Learn more about the history and heritage of Coda Bows.

How are bows made?

This is a very involved process that we’ve simplified below.

Almost all wooden bows are made in the same way, even the most affordable ones. The differences are in the quality of woods and other materials used in construction; speed of manufacture; attention to detail. Attempts to mechanise the process have been thwarted by the need to taper the bow correctly towards the point, which factory machinery cannot manage effectively. It must be done by hand. Also the assembly of a frog is much too intricate and requires making by hand. 

The Stick: 

The stick is made from a “blank” which is a piece of wood that was first cut to the required size. 

The long part of the stick is hand shaped using carving tools, including specially made planes, tapering towards the curved end, which is called the bow head, and finally tapering again down to the tip. During the rough preparation stage the stick is made hexagonal. The bow head is also hand carved, using woodcarvers’ knives, rasps and special files.

A flame heats the stick so it can be bent into approximately the correct curve.  After fitting the frog (following its initial rough cut) the bow is given a final shaping, including very careful attention to the graduation of the taper. If the finished bow is intended to have a round stick, the rounding will be done at this stage.  The stick is usually left hexagonal at the end where the nut, or frog is fitted. 

After the final trimming and shaping, the stick is chemically treated using nitric acid, followed by exposure to ammonia fumes, so as to bring out the characteristic colour of the pernambuco or brazilwood. Pernambuco is a dark and oily wood that doesn’t need varnishing. After treating the stick it is then French polished with an oily rag, using shellac and perhaps some other gums and resins to protect the wood and add extra shine. 

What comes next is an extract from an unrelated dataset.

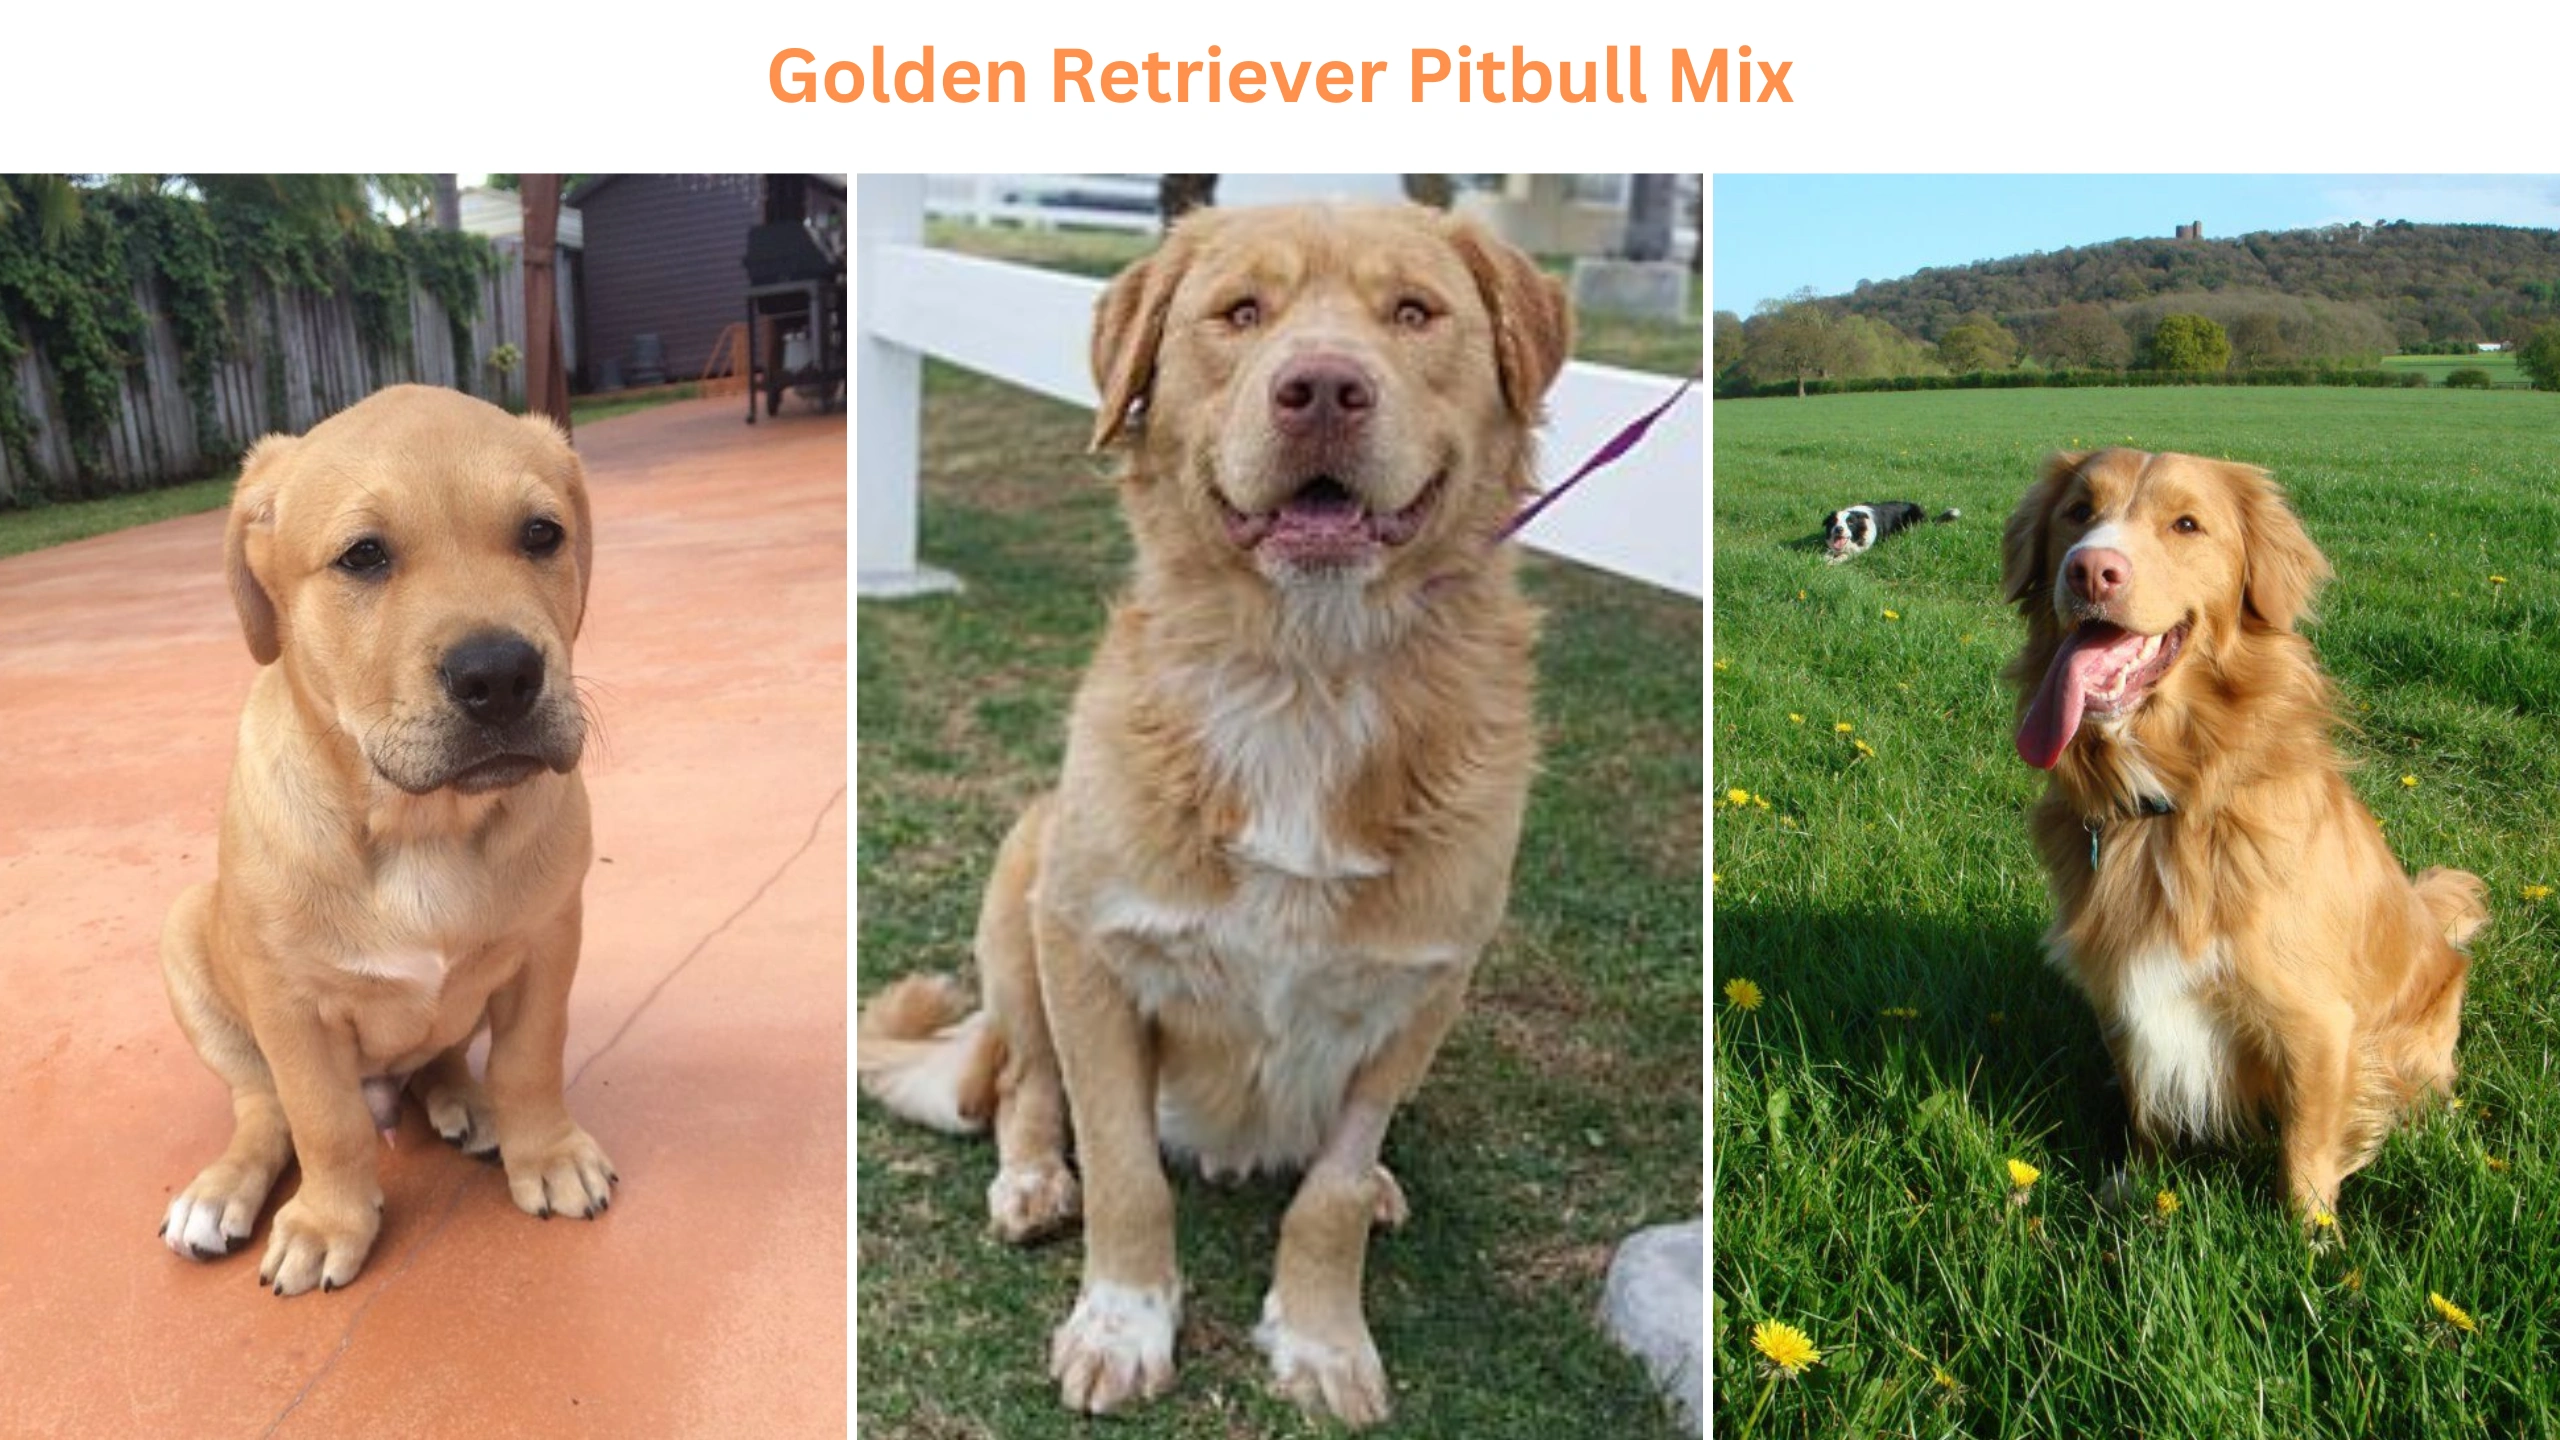 The Golden Retriever Pitbull Mix

The tip facing or headplate is made in two parts, using a thin veneer of ebony and outer surface of bone (or plastic in cheaper bows). These are glued together onto the tip of the bow. Traditionally ivory was used for the tip facing, but of course that is now restricted internationally. Mammoth bone is a common substitute, and other materials like silver, gold, shell, and various synthetic materials are also used. 

This plate is fitted to create strength for the wood at the tip and around the mortise in which the hair is secured. If damaged or cracked at any time, it is essential to have it replaced: otherwise your bow tip is at risk of further injury. 

The process of fitting the tip facing is very detailed, requiring exquisite care with knives and other fine tools. If at any time you do need it replaced, removal of an existing headplate is equally detailed. Other work required in making the stick include cutting the mortise that holds the frog; drilling the hole to house the screw; hand-fitting the silver winding and leather pad. 

The Frog: 

The frog is a very specialised item that requires your bow maker to be a metal worker, wood carver, and silversmith all in one.  The frog is usually made of ebony although other materials are also used. 

Prior to carving the frog, the luthier prepares all the metal components. The ferrule is made with two pieces of sheet silver, one flat and the other semicircular, which the maker will solder together. The screw is made with a threaded shaft; the adjuster (handle) is created by the luthier from ebony and silver, turned on a lathe, and given its hexagonal shape by careful filing. 

Other items to be made are the silver liner; the back plate for the frog; the eyes - either cut out from mother of pearl and fitted by themselves, or fitted with silver rings as well; the pearl slide.

The frog is cut from a small wedge of ebony and shaped by hand using a  plane, chisels, knife, gouge, drill and very fine metal scrapers. As each item is fitted to the frog, and the frog fitted to the stick, there are many adjustments to be made using these various tools.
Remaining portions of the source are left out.